Now I don't know about you, but I don't make anywhere near that amount. With elections on the horizon, I considered telling the next incumbent congressperson calling for a handout to use that extra $4,900 for his or her campaign and just pretend it was from me.

Defenders of the pay hike say the raise is deserved because legislators are paid less than what they would earn in the private sector. So I decided to look up the salaries of American CEOs on the AFL-CIO's "CEO PayWatch" site, www.aflcio.org/paywatch/. Here's what I found:

AOL Time Warner CEO Gerald M. Levin made $44.7 million in 2000. And that doesn't include the $144,796,050 in stock options from previous years. At that rate, Levin can pay the salaries of 298 members of Congress. If you earn $30,000 annually, you'd have to work 1,492 years to make as much as he did last year.

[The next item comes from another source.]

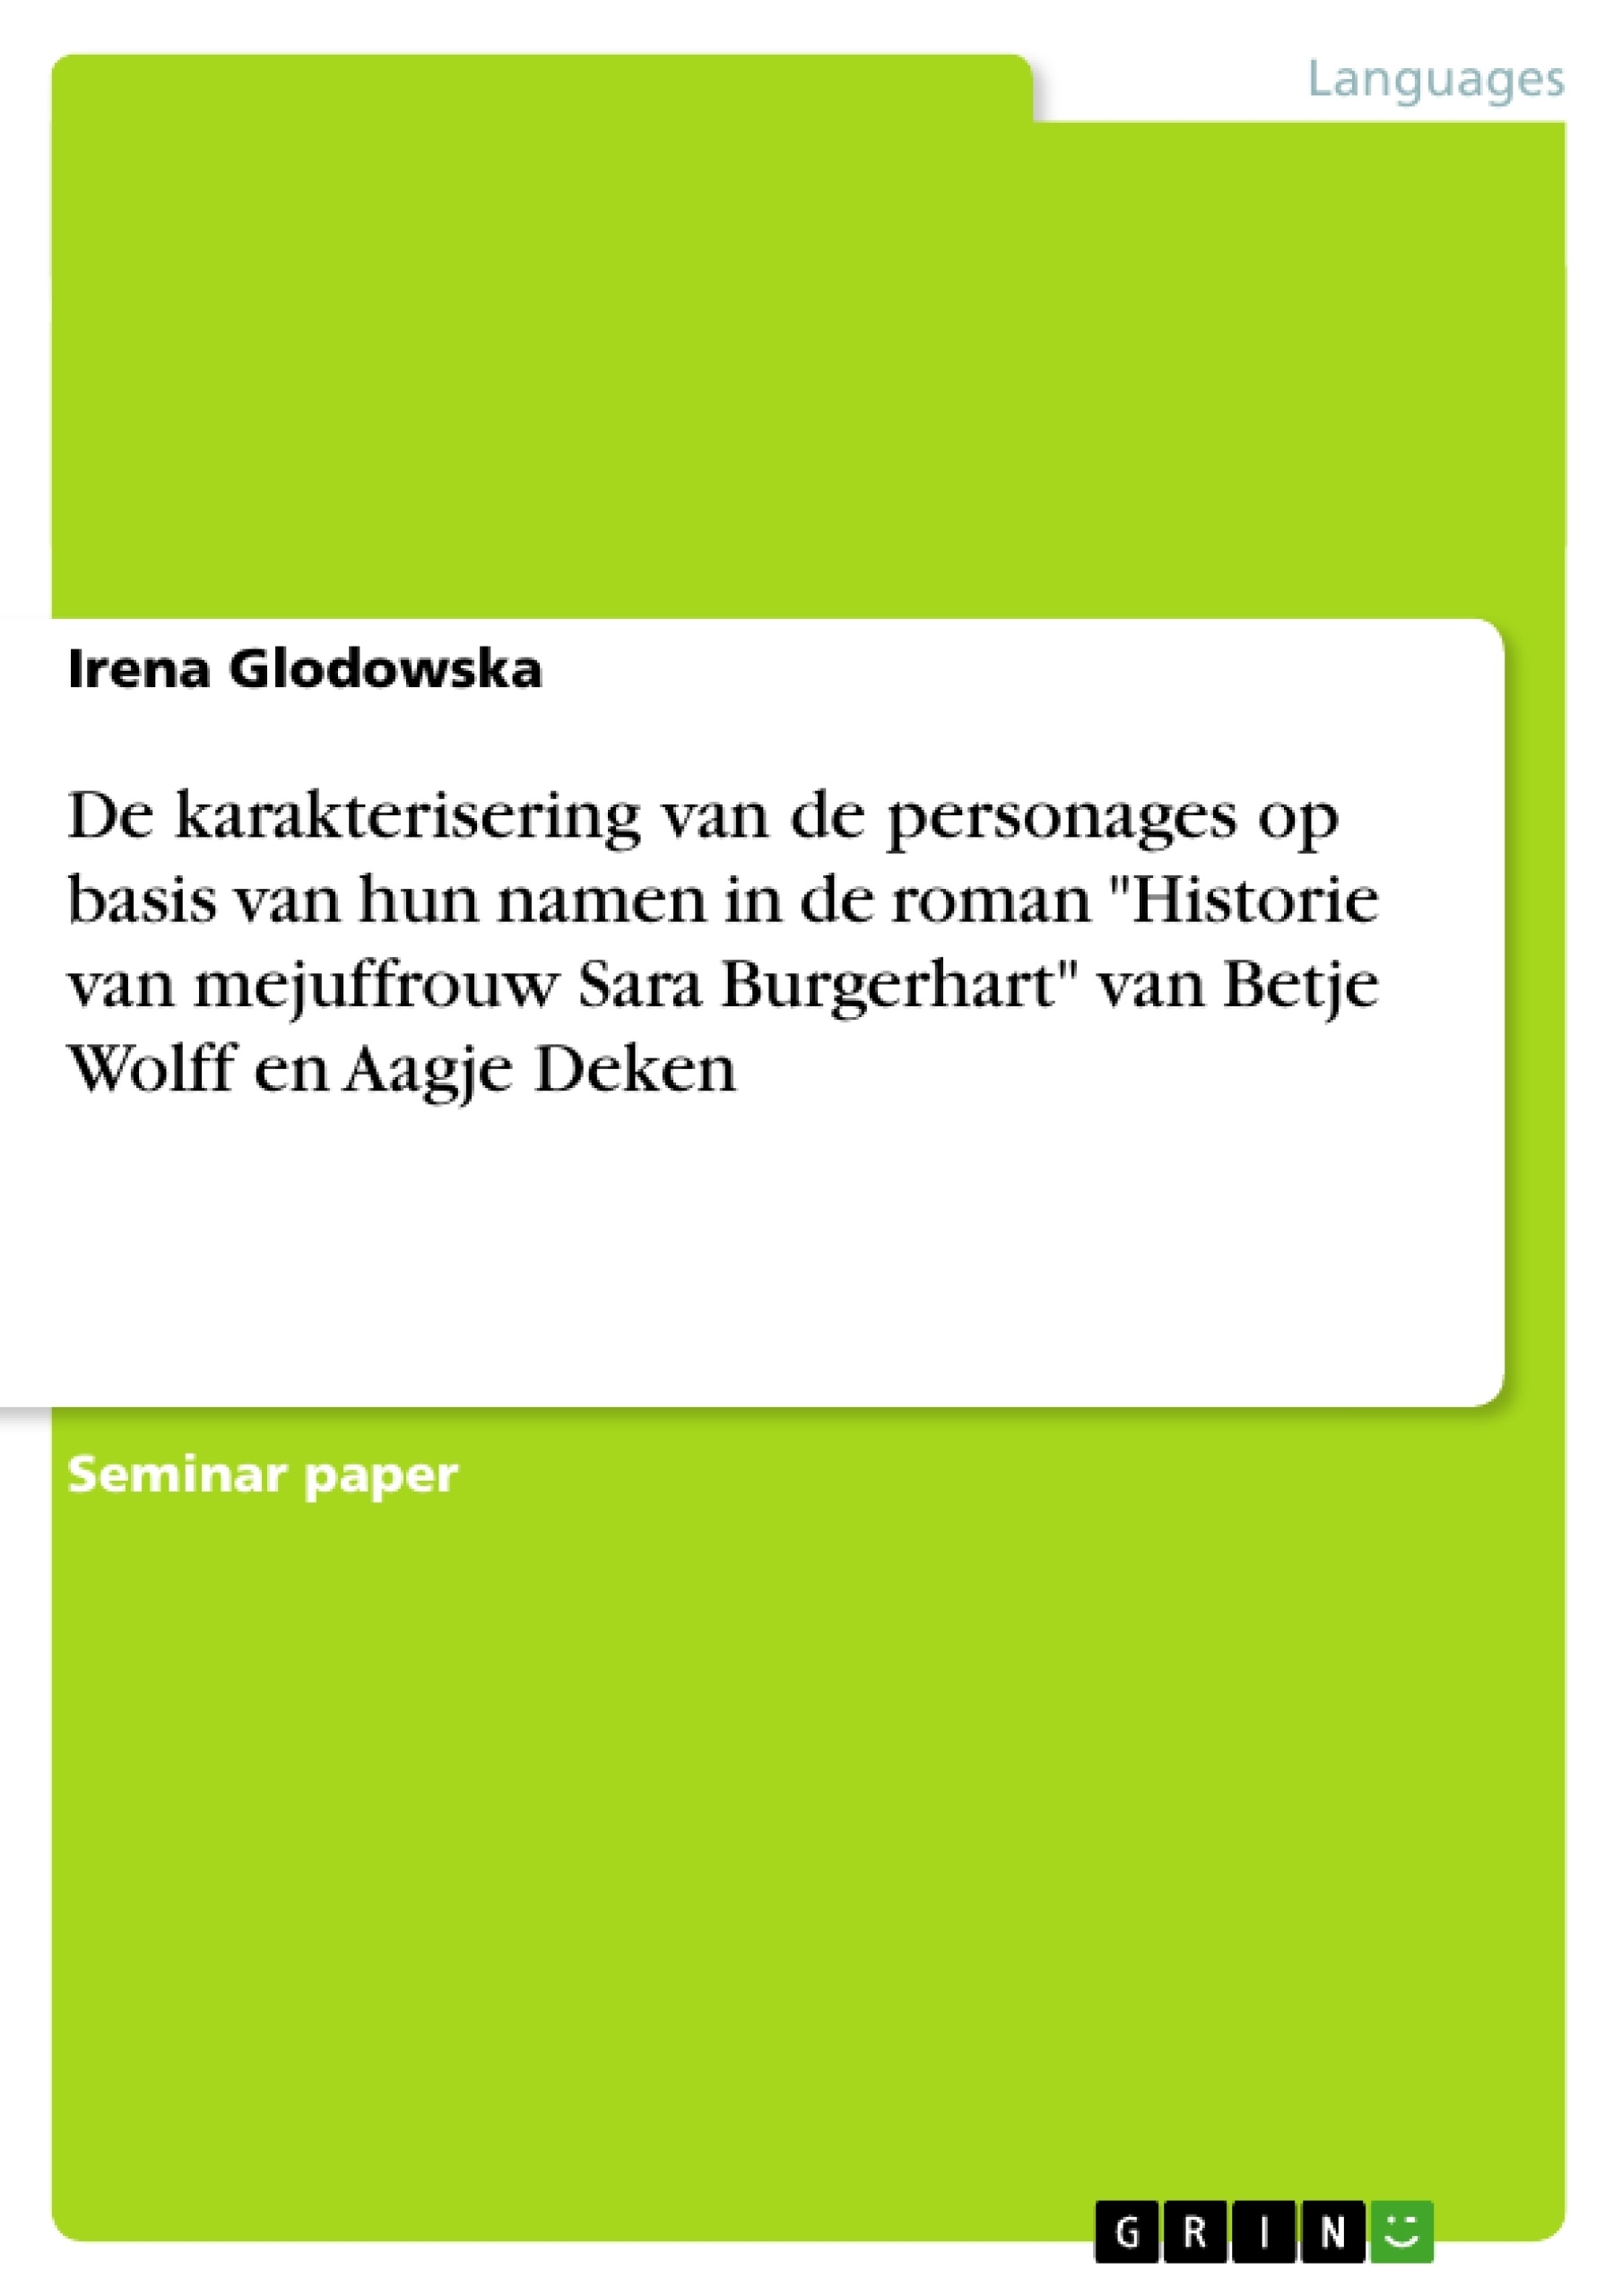 Título: De karakterisering van de personages op basis van hun namen in de roman "Historie van mejuffrouw Sara Burgerhart" van Betje Wolff en Aagje Deken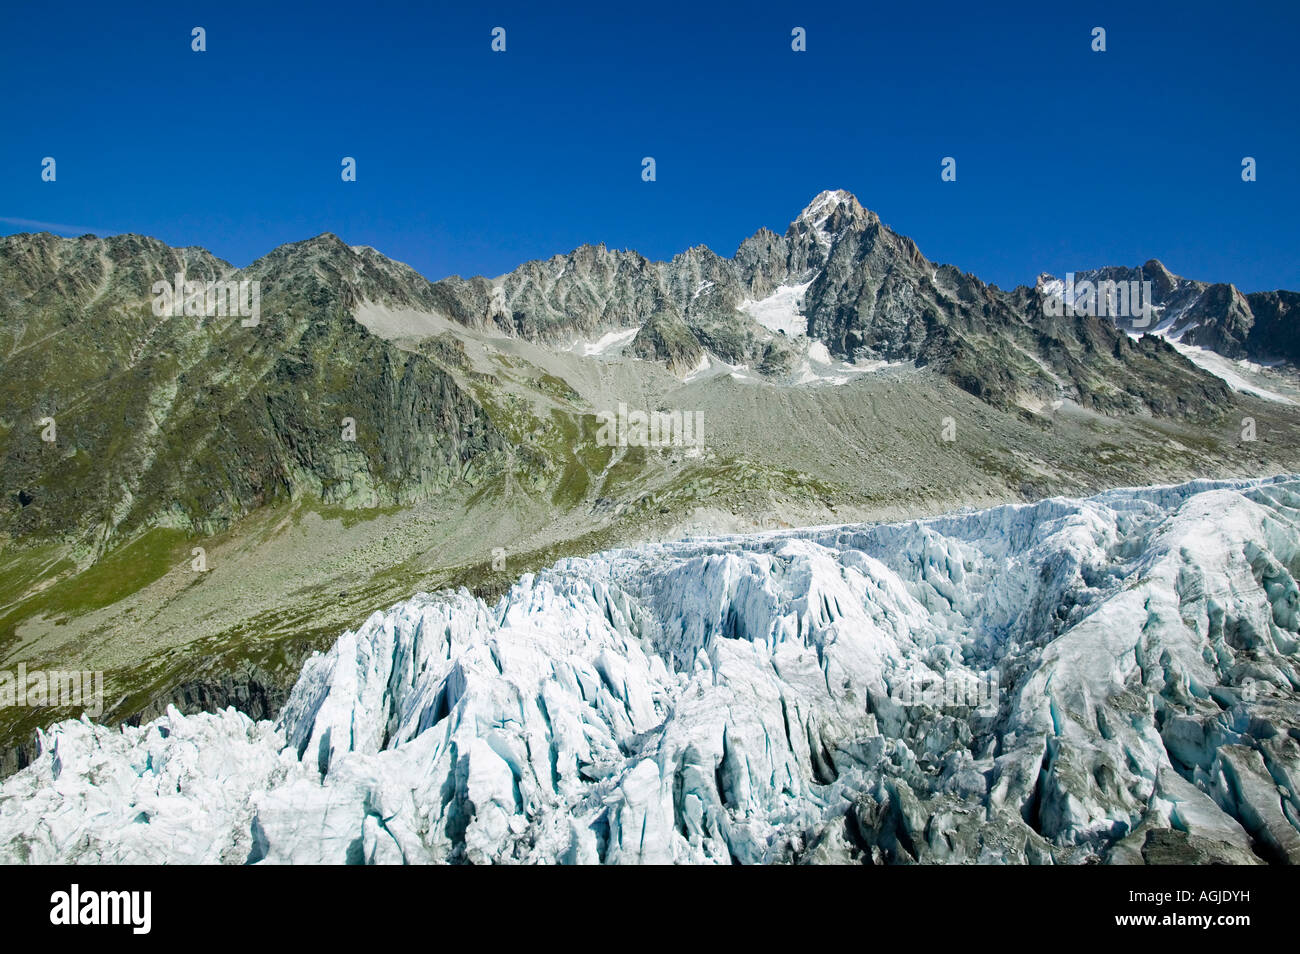 Il muso del ghiacciaio di Argentiere come la maggior parte dei ghiacciai alpini si è ritirata rapidamente a causa del riscaldamento globale Chamonix Francia Foto Stock

Charles A Heimbold Jr. earned $53.5 million in 2000 as CEO of Bristol-Meyers Squibb. At that rate, he can pay the salaries of 356 in Congress. He can also buy the entire population of the state of North Carolina (8 million) a McDonald's Happy Meal, and still have $29.3 million left over.

Harvey Golub, chairman and CEO of American Express, earned a whopping $56.8 million and has another $114 million in unused stock options. Golub can pay the salaries of 379 in Congress and can buy 1,895 Ford Explorers. For his salary, American Express could hire 1,137 workers at $50,000 a year.

I'm not suggesting a cap on CEO salaries. Their rates are simply what the market will bear--or so the experts tell me. But in the current atmosphere of "corporate restructuring," and the Bush administration's appeal to keep the economy rolling, I just have to wonder--whose side are these guys on?